Но будущее, в сущности, во мгле.
Его-то уж во мгле, по крайней мере.
И если мы сегодня на земле,
то он уже, конечно, в стратосфере.
В абстракциях прокладывая путь,
он щупает подвязки осторожно.
При нем опасно лямку подтянуть,
а уж чулок поправить — невозможно,
Он тут как тут. Глаза его горят
(как некие скопления туманных
планет, чьи существа не говорят),
а руки, это главное, в карманах.
И самая далекая звезда
видна ему на дне его колодца.
А что с ним будет, Господи, когда
до средств он превентивных доберется!
Гагарин — не иначе. И стакан
придавливает к стенке он соседской.
Там спальня. Межпланетный ураган
бушует в опрокинувшейся детской.
И слыша, как отец его, смеясь,
на матушке расстегивает лифчик,
он, нареченный Феликсом, трясясь,
бормочет в исступлении: ‘Счастливчик’.
Да, дети только дети. Пусть азарт
подхлестнут приближающимся мартом…
Однако авангард есть авангард,
и мы когда-то были авангардом.
Теперь мы остаемся позади,
и это, понимаешь, неприятно —
не то что эти зубы в бигуди,
растерзанные трусики и пятна.
Все это ерунда. Но далеко ль
уйдет он в познавании украдкой?
Вот, например, герань, желтофиоль
ему уже не кажутся загадкой.
Да, книги, — те его ошеломят.
Все Жанны эти, Вертеры, Эмили…
Но все ж они — не плоть, не аромат.
Надолго ль нас они ошеломили?
Они нам были, более всего,
лишь средством достижения успеха.
Порою — подтвержденьем. Для него
они уже, по-моему, лишь эхо.
К чему ему и всадница, и конь,
и сумрачные скачки по оврагу?
Тому, в ком разгорается огонь,
уж лучше не подсовывать бумагу.
Представь себе иронию, когда
какой-нибудь отъявленный Ромео
все проиграет Феликсу. Беда!
А просто обращался неумело
с ундиной белолицей — рикошет
убийственный стрелков макулатуры.
И вот тебе, пожалуйста — сюжет!
И может быть, вторые Диоскуры.
А может, это — живопись. Вопрос
некстати, молвишь, заданный. Некстати ль?

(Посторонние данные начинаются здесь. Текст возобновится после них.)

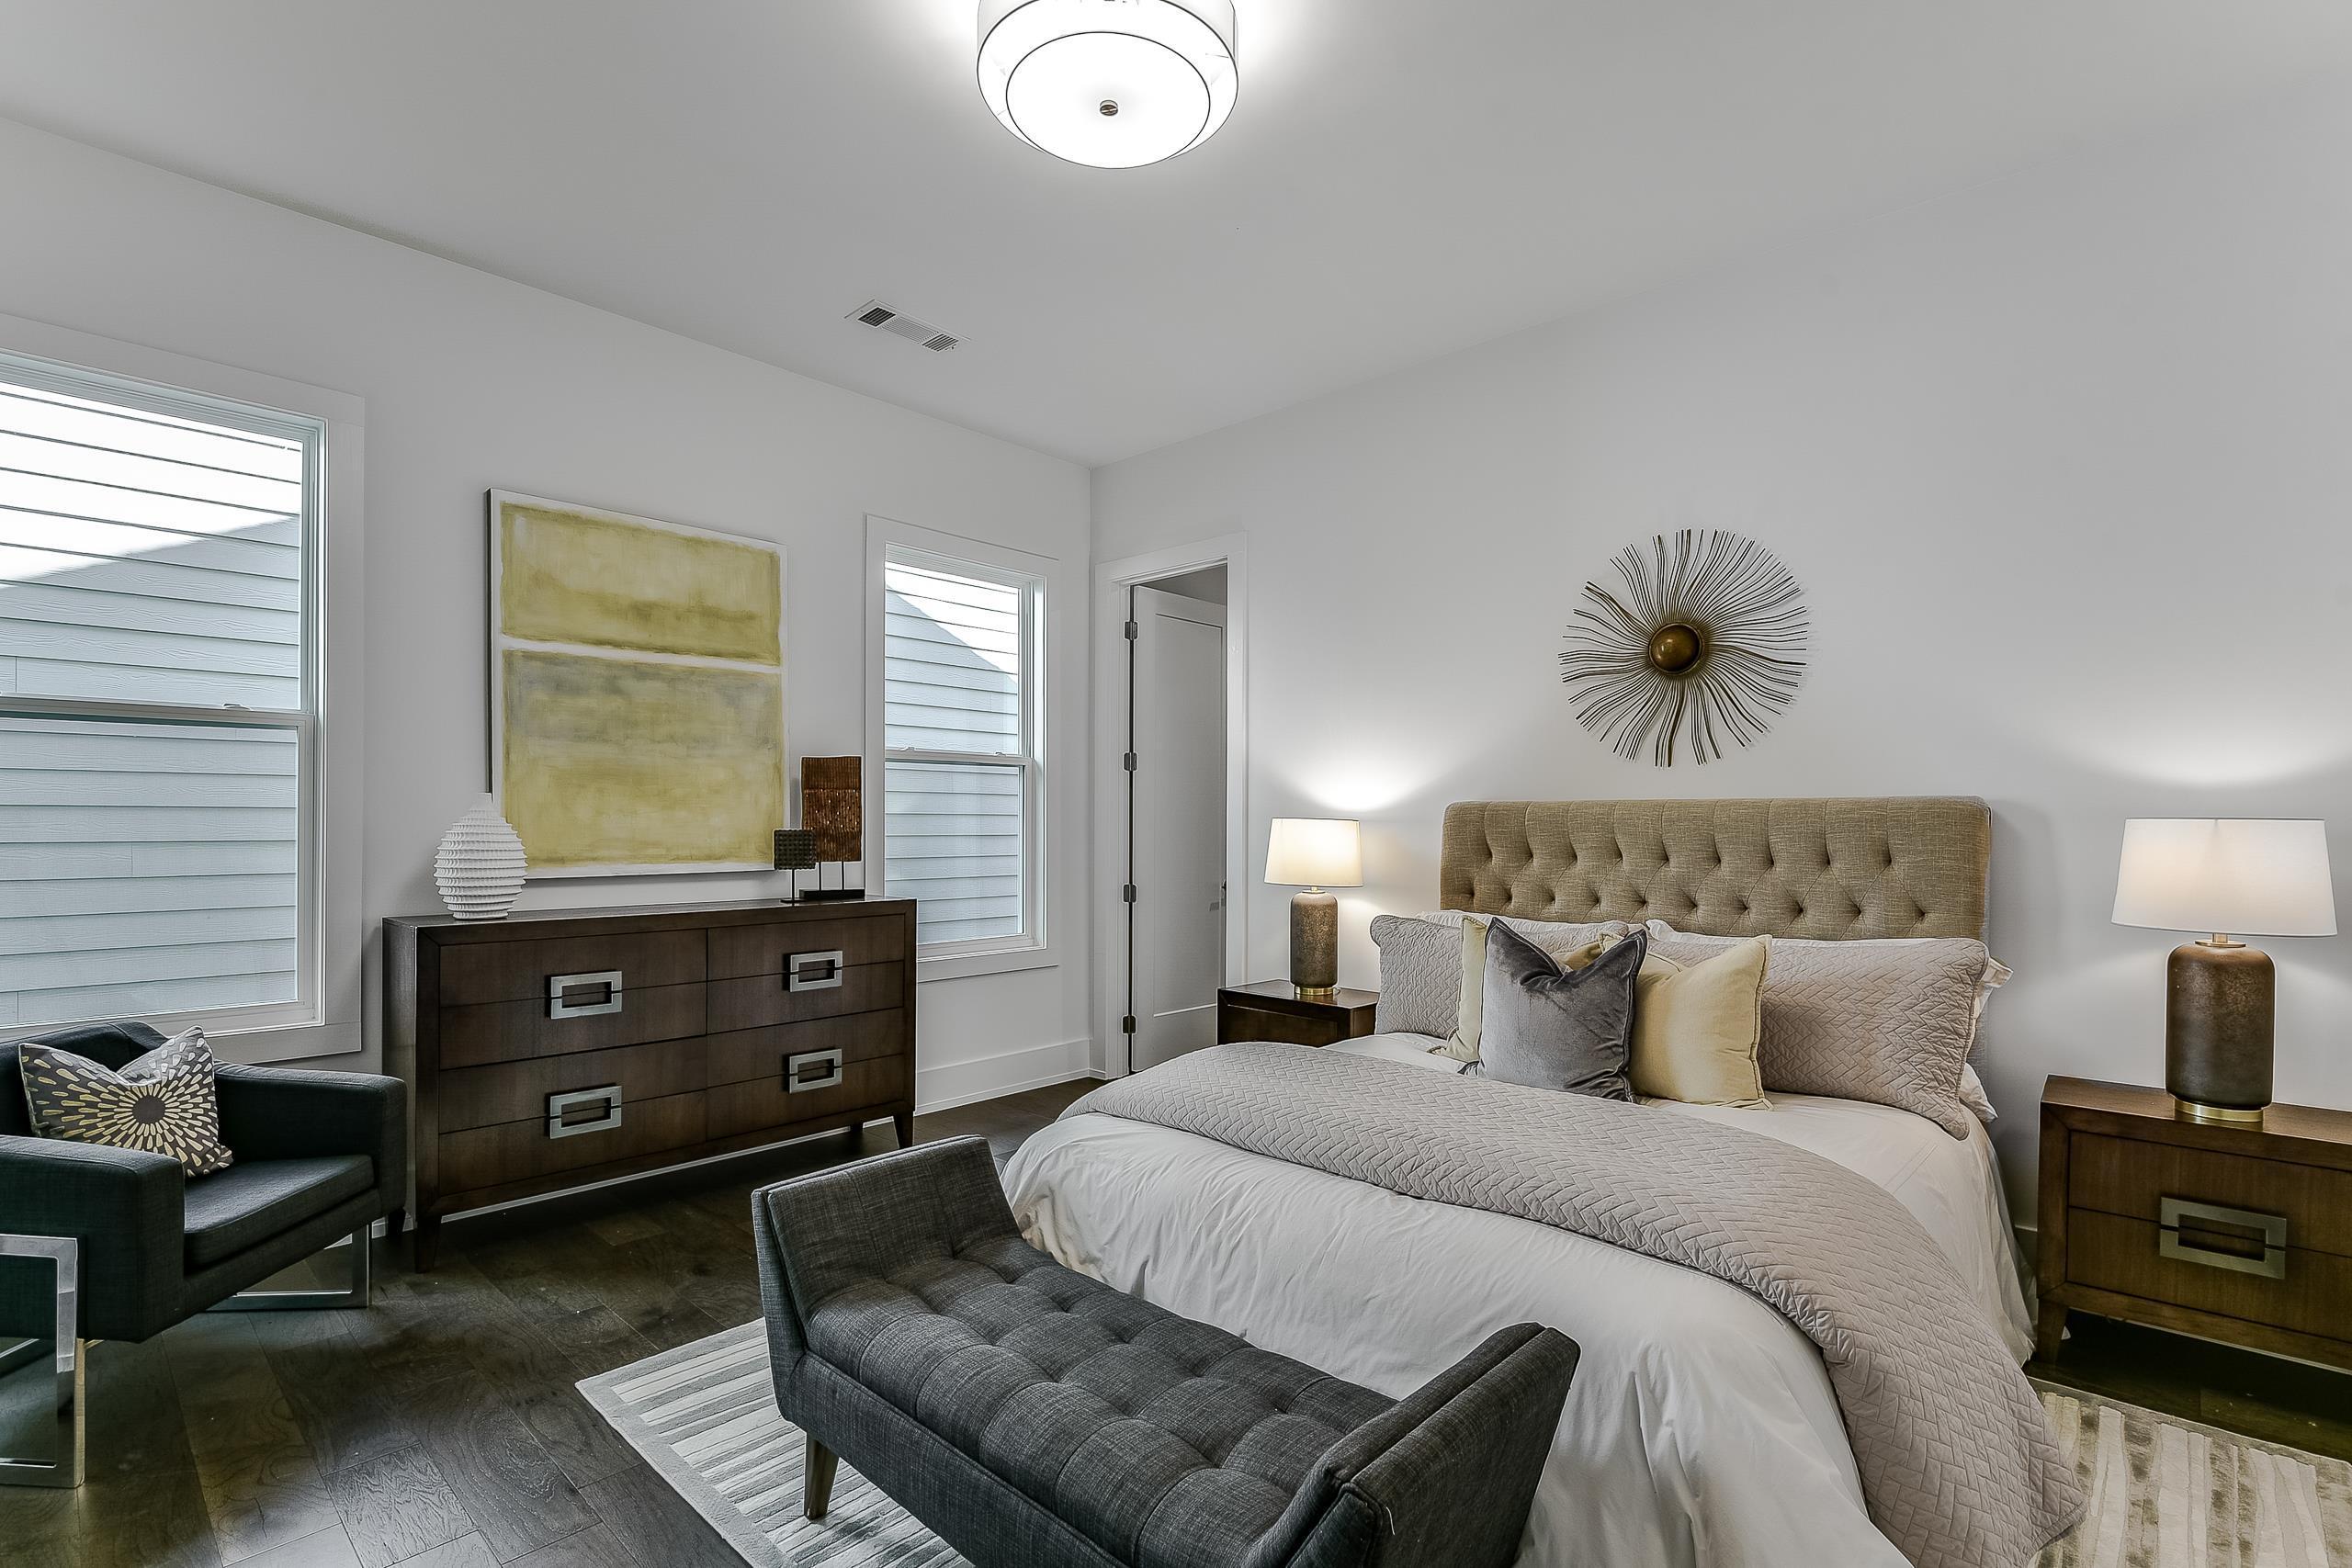 Bedroom featured in the Alston By Minerva Homes in Atlanta, GA

Знаток любви, исследователь поз
и сам изобретатель — испытатель,
допустим, положения — бутон
на клумбе; и расчеты интервала,
в цветении подобранного в тон
пружинистою клумбой покрывала.
Не живопись? На клумбе с бахромой.
Подрамник в белоснежности упрямой…
И вот тебе цветение зимой.
И, в пику твоим фикусам, за рамой.
Нет, это хорошо, что он рывком
проскакивает нужное пространство!
Он наверстает в чем-нибудь другом,
упрямством заменяя постоянство.
Все это — и чулки, и бельецо,
все лифчики, которые обмякли —
ведь это маска, скрывшая лицо
чего-то грандиозного, не так ли?
Все это — аллегория. Он прав:
все это линза, полная лучами,
пучком собачек, ласточек и трав.
Он прав, что оставляет за плечами
подробности — он знает результат!
А в этом-то и суть иносказаний!
Он прав, как наступающий солдат,
бегущий от словесных состязаний.
Завоеватель! Кир! Наполеон!
Мишень свою на звездах обнаружив,
сквозь тучи он взлетает, заряжен,
в знакомом окружении из кружев.
Он — авангард. Спеши иль не спеши,
мы отстаем, и это неприятно.
Он ростом мал? Но губы хороши!
Пусть речь его туманна и невнятна.
Он мчится, закусивши удила.
Пробел он громоздит на промежуток.
И, может быть, он — экая пчела! —
такой отыщет лютик-баламутик
(а тот его жужжание поймет
и тонкий хоботок ему раскрасит),
что я воображаю этот мед,
не чуждый ни скворечников, ни пасек!
II
Эрот, не объяснишь ли ты причин
того (конечно, в частности, не в массе),
что дети превращаются в мужчин
упорно застревая в ипостаси
подростка. Чудодейственный нектар
им сохраняет внешнюю невинность.
Что это: наказанье или дар?
А может быть, бессмертья разновидность?
Ведь боги вечно молоды, а мы
как будто их подобия, не так ли?
Хоть кудри наши вроде бахромы,
а в старости и вовсе уж из пакли.
Но Феликс — исключенье. Правота
закона — в исключении. Астарта
поклонница мужчин без живота.
А может, это свойство авангарда?
Избранничество? Миф календаря?
Какой-нибудь фаллической колонне
служение? И роль у алтаря?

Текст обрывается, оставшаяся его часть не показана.